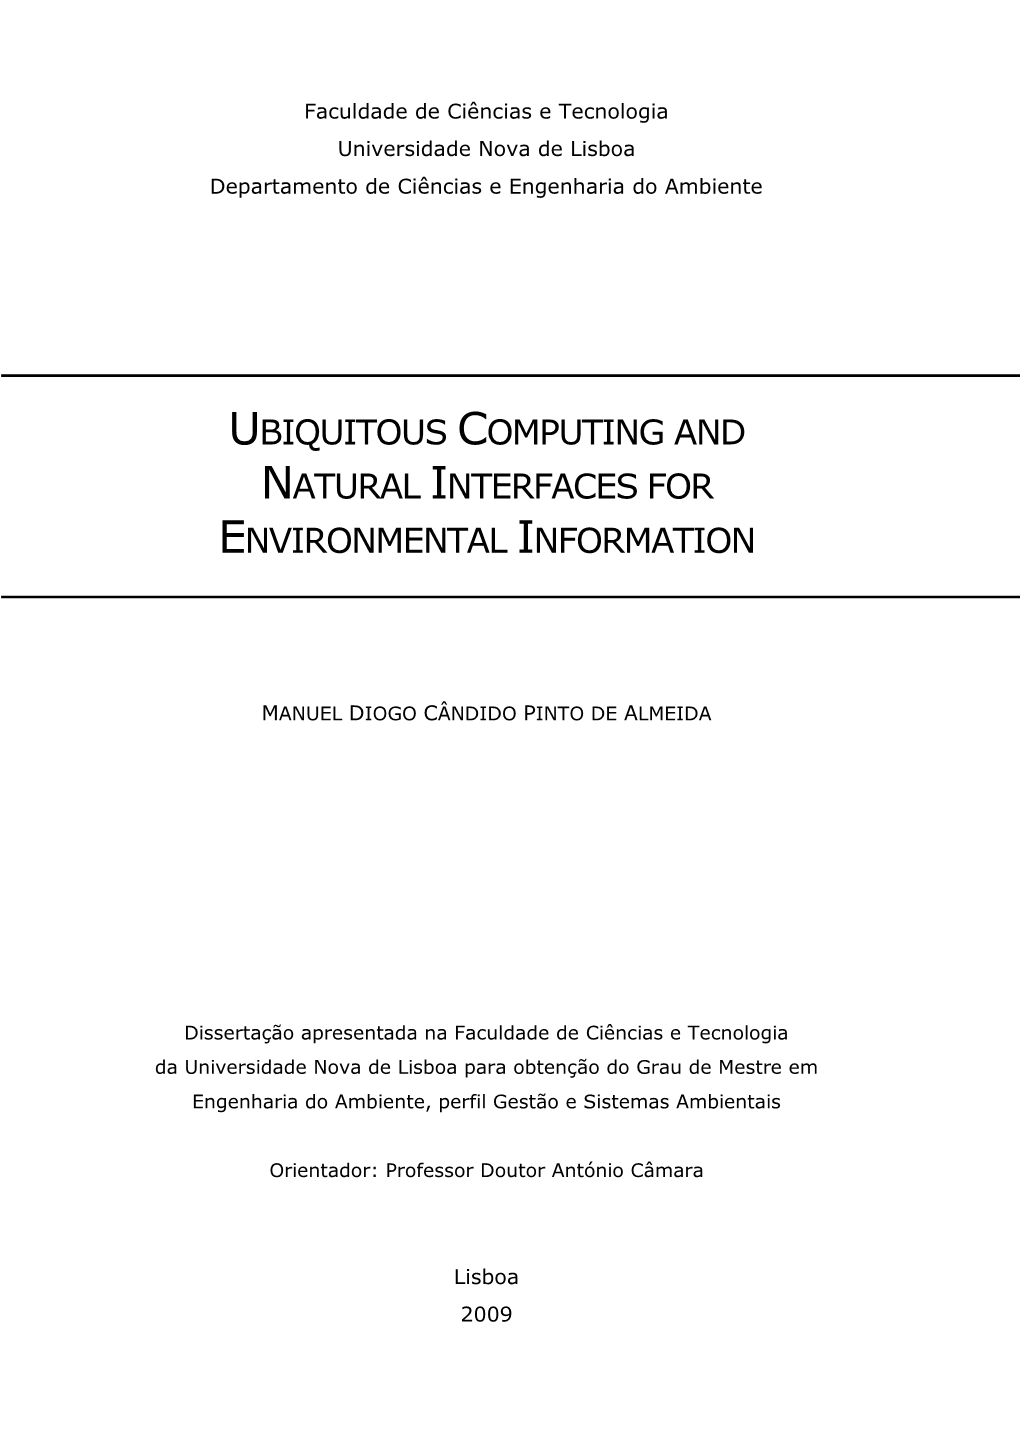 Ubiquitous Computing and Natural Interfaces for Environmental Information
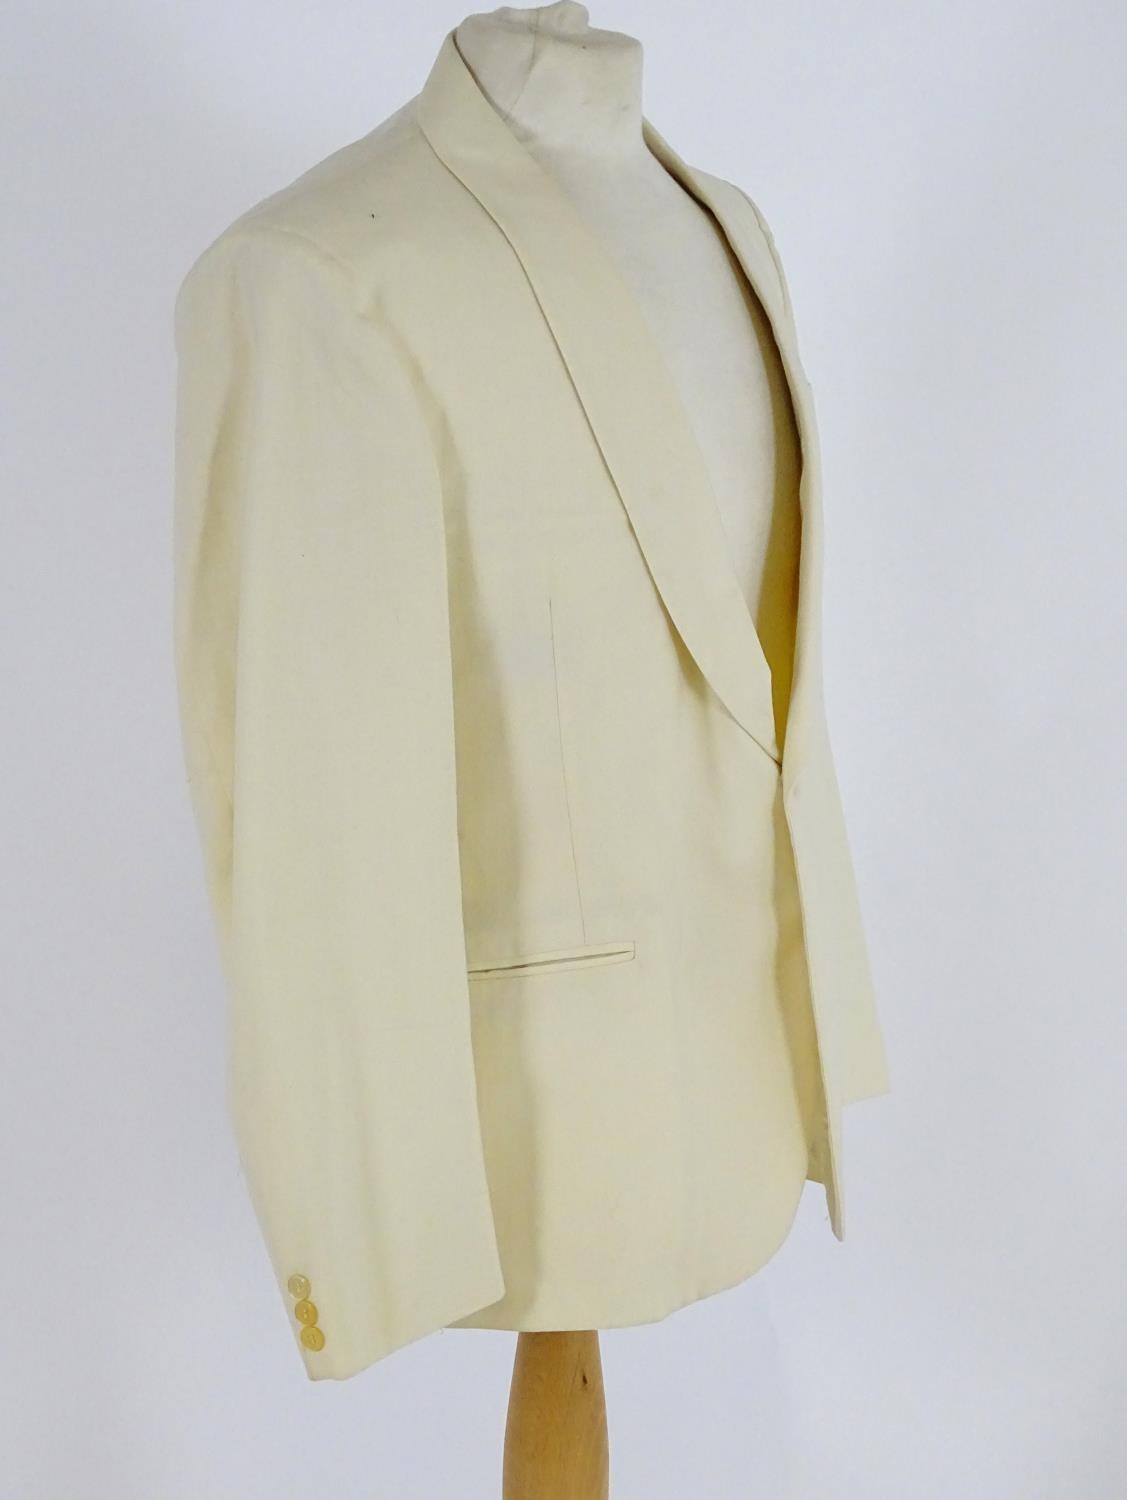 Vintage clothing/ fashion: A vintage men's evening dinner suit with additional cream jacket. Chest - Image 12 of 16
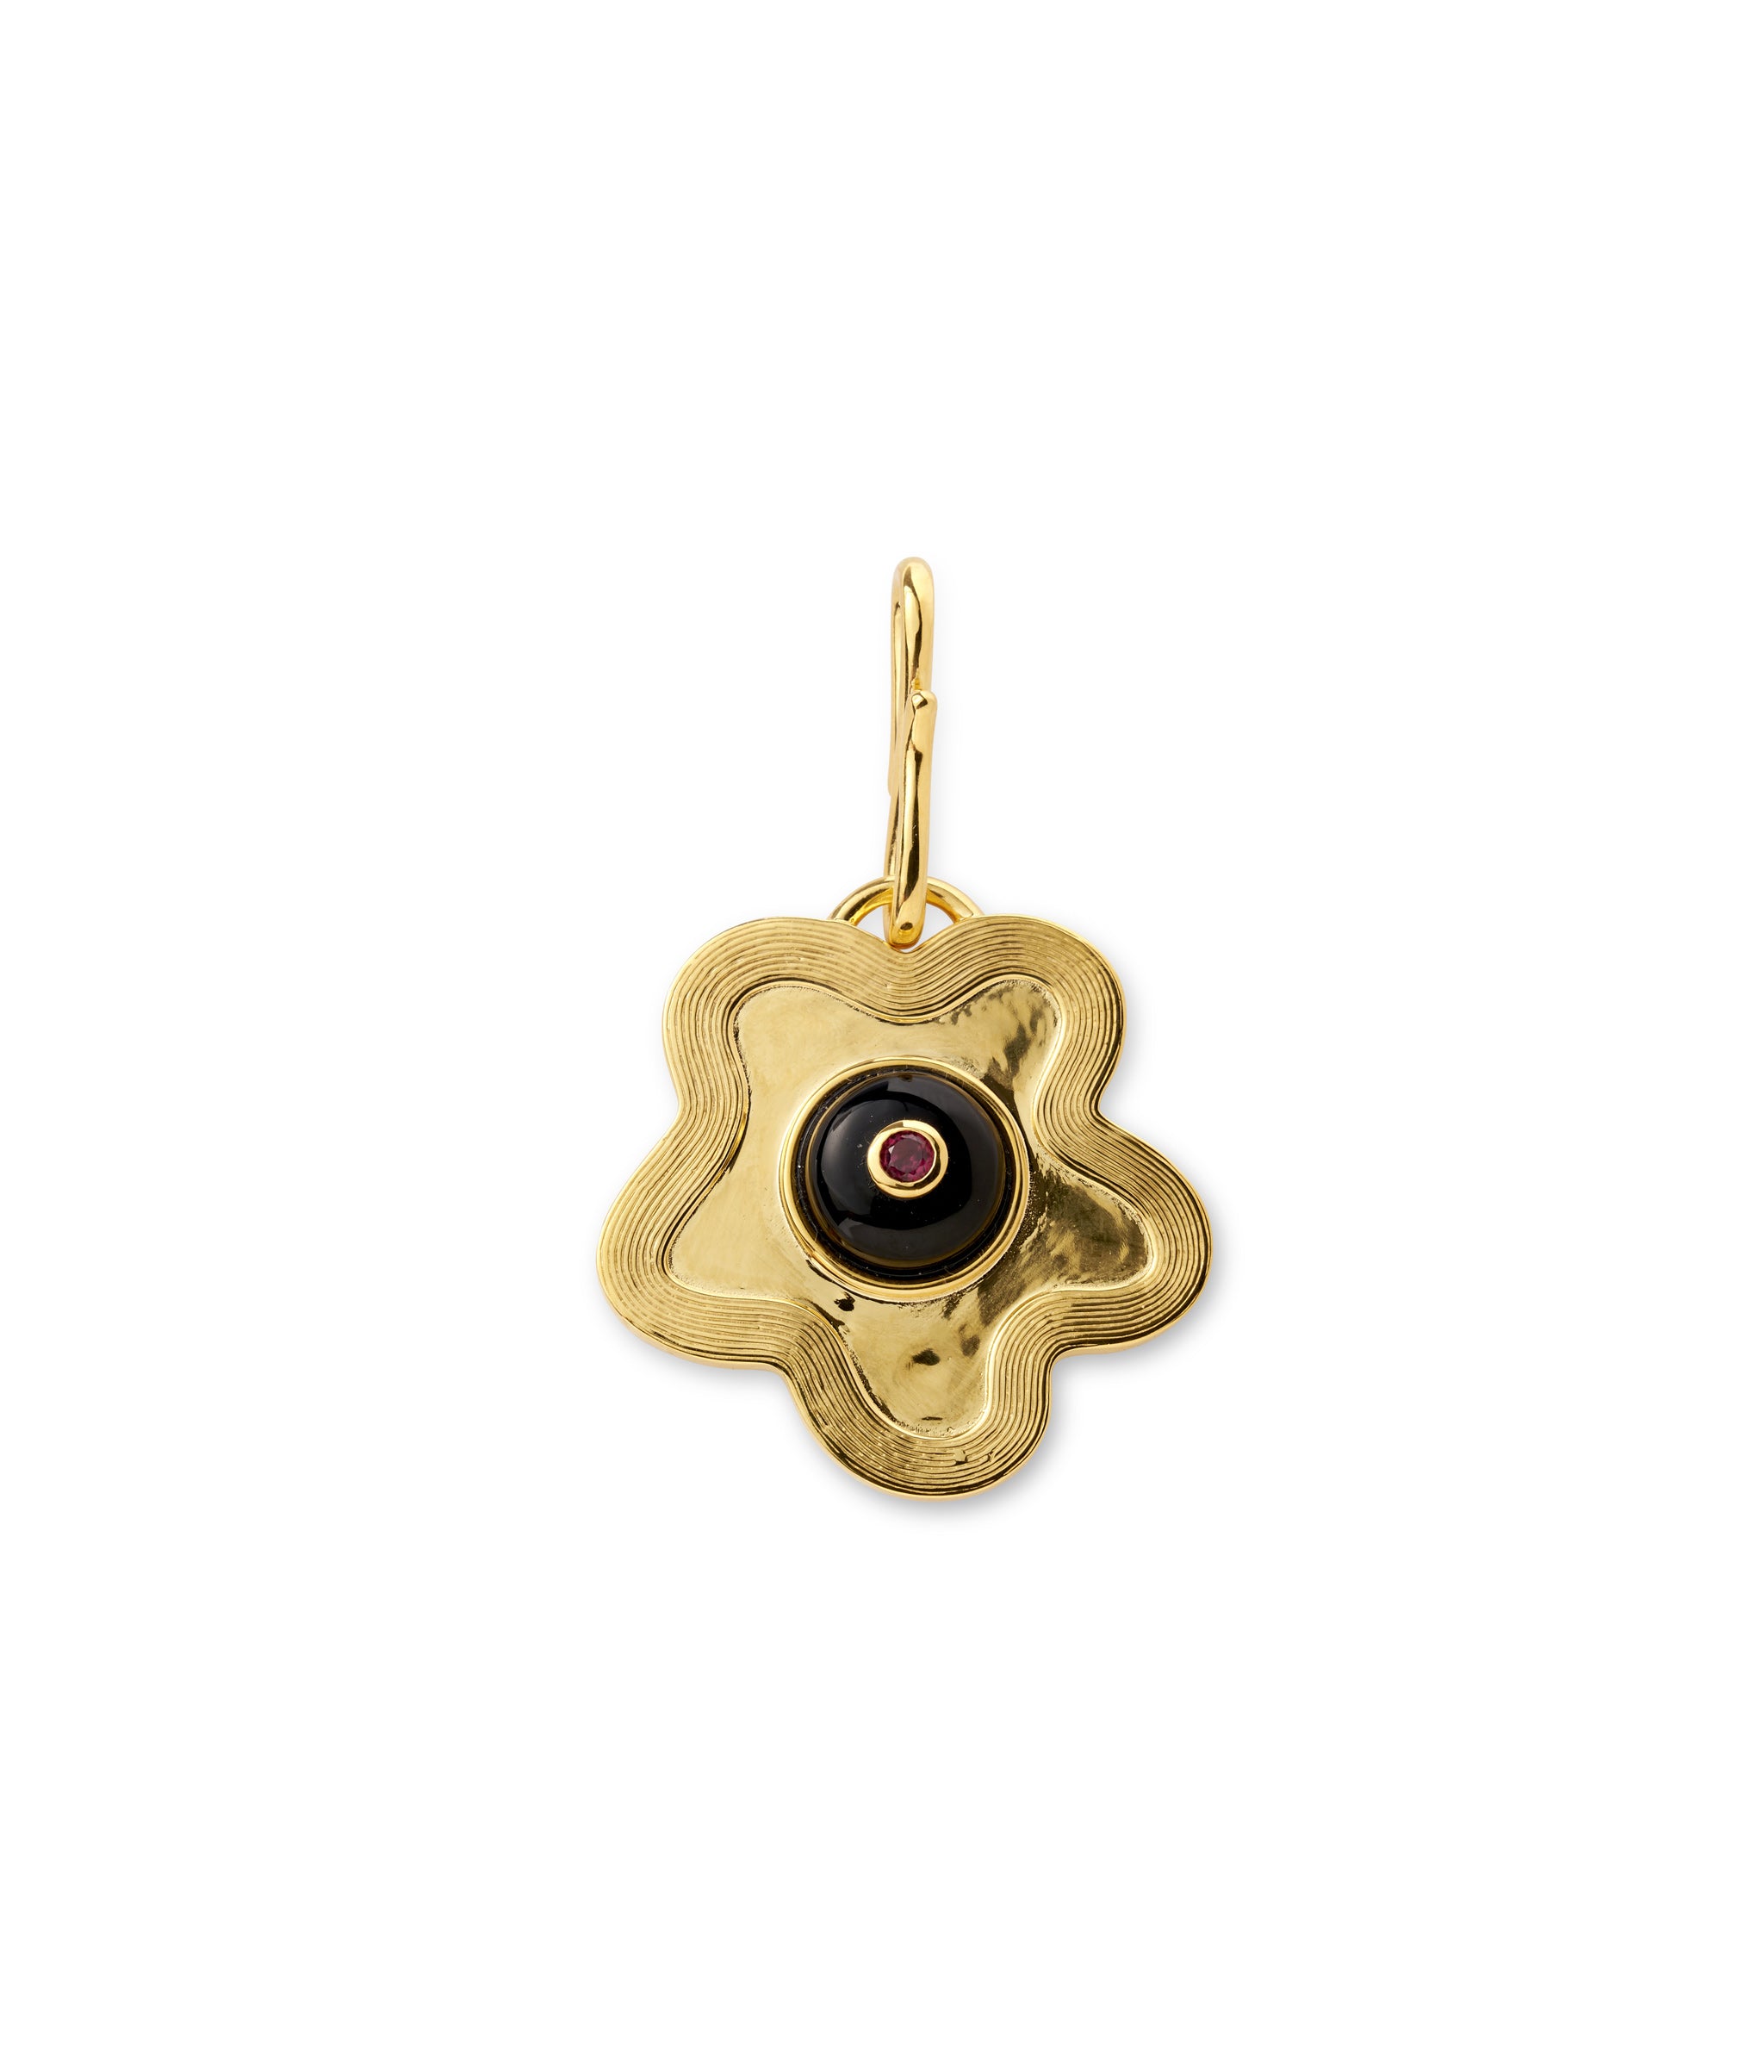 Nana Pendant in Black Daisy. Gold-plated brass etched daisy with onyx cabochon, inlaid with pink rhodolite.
------------------------------------------------------------
INSTRUCTIONS FOR THE TASK:
Could you copy the listing exactly, leaving out any pictures?

RESPONSE BELOW:
 Ubiquitous Computing and Natural Interfaces for Environmental Information
 Vintage clothing/ fashion: A vintage men's evening dinner suit with additional cream jacket. Chest - Image 12 of 16
 Nana Pendant in Black Daisy. Gold-plated brass etched daisy with onyx cabochon, inlaid with pink rhodolite.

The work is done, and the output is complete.